Any idea why this would be the case?  I've used other queue managers in the past that have no trouble with jobs in the tens of thousands.  I will try reducing the debugging.  Any ideas on distributing the schedd load across multiple machines?  This will be a HUGE setback for us adopting Condor if I can't figure out a way to stably handle 10,000+ jobs.  

Thanks for the heads up. 


I can't give an official answer, but I can tell you that we had the same
problem with 5136 jobs.  In our cases, there were a couple other things that
contributed, so you could check these, too: high debug level on the schedd
and a supervising process that used condor_q and condor_history to monitor
jobs.  Condor_q talks to the schedd, so if you're doing anything like that
you may want to parse log files instead.

However, even after taking down debug level and using log parsing, our
schedd still struggled with 5000 jobs in the queue.

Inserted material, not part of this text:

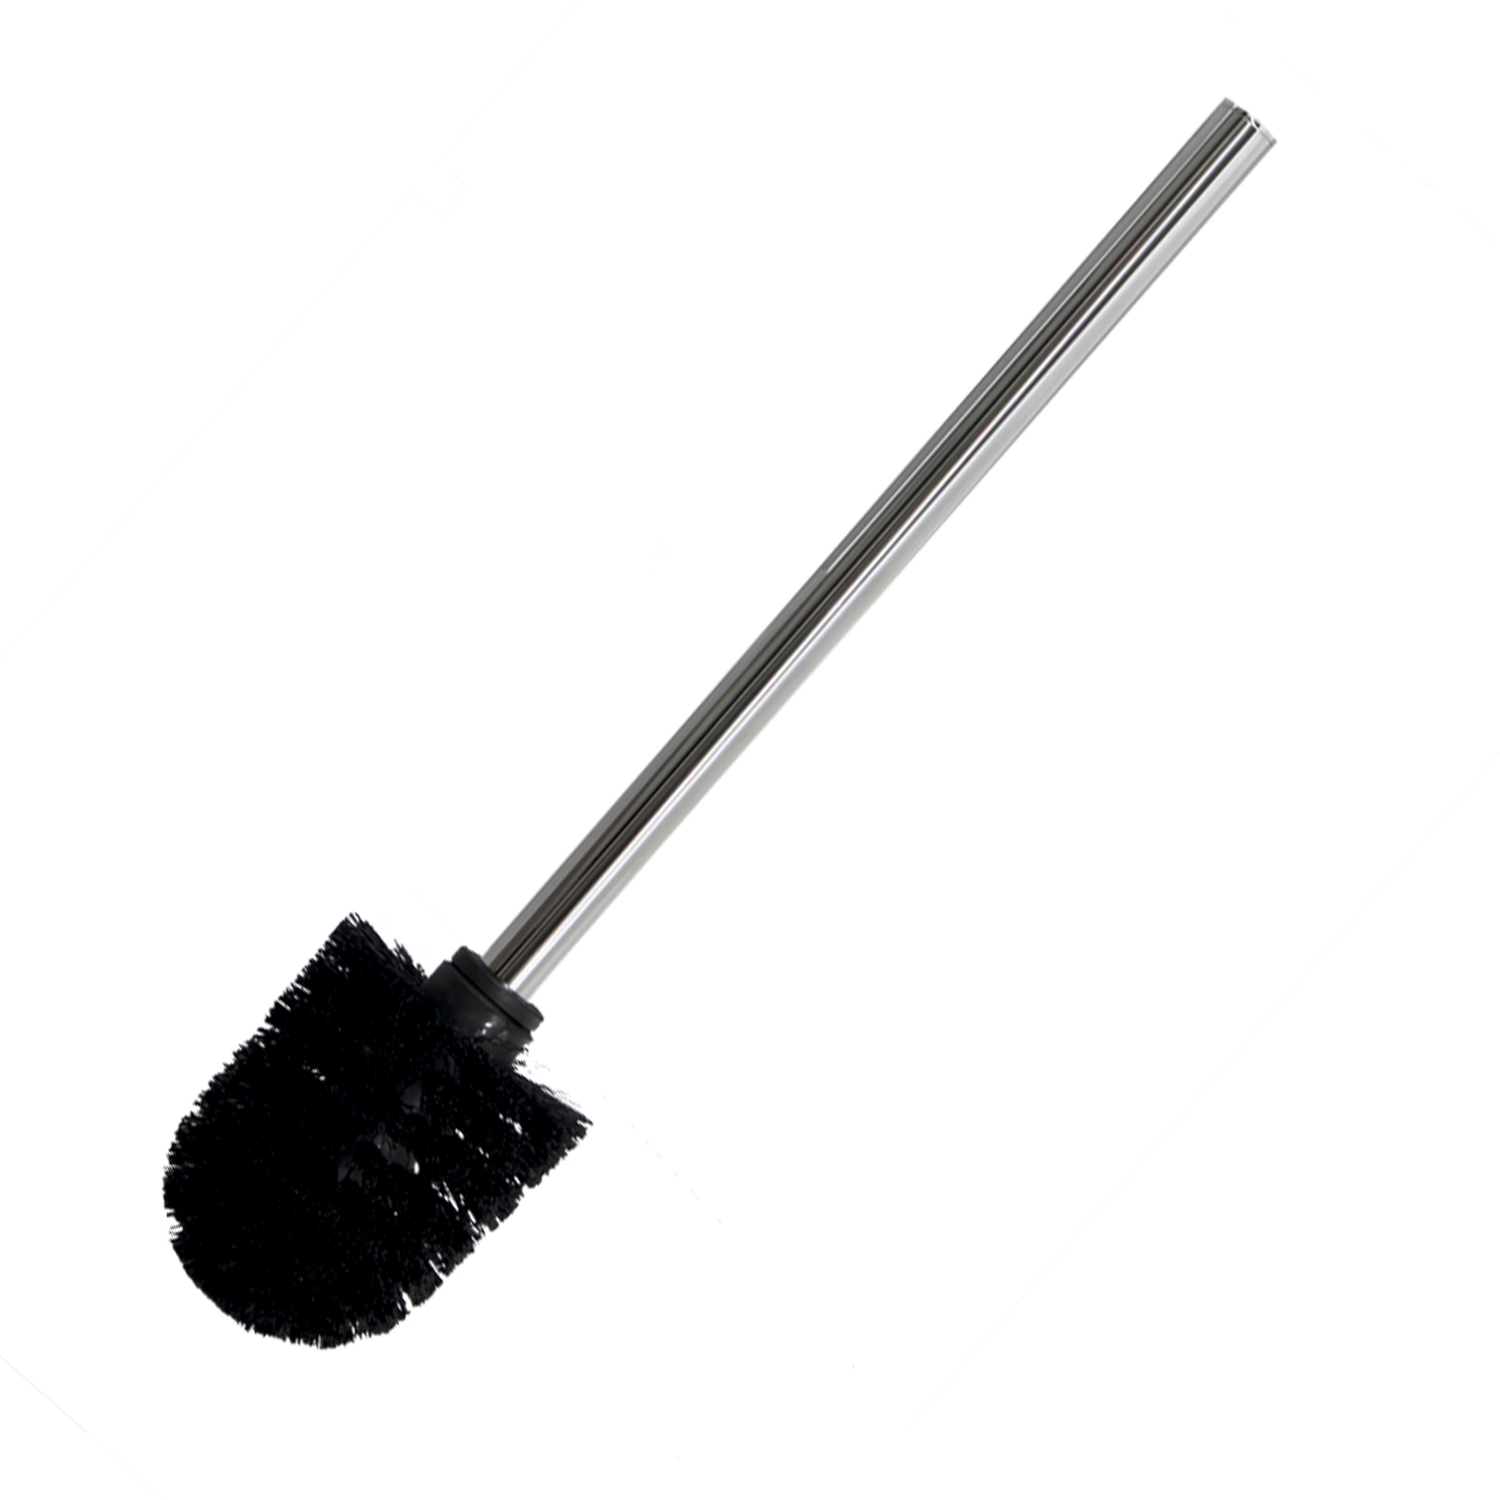 Щетка для унитаза WasserKRAFT K-026 9061711 черная щетка для унитаза с держателем настенные пластиковые щетки для унитаза набор инструментов для чистки ванной комнаты аксессуары дл

I have a remote schedd with 9000+ jobs.  The schedd is continually running
at 100% cpu.  I am hoping to gain some suggestions on how to improve the
efficiency of the schedd.  

Do I need to split the jobs between schedds on 2 or 3 more machines?  

Would it help significantly to move the negotiator and collector to another

Are there ways to speed up the schedd so that it does not take as long to
run through the job queue?

I am using Condor 6.7.7 with a nearly out-of-the-box config.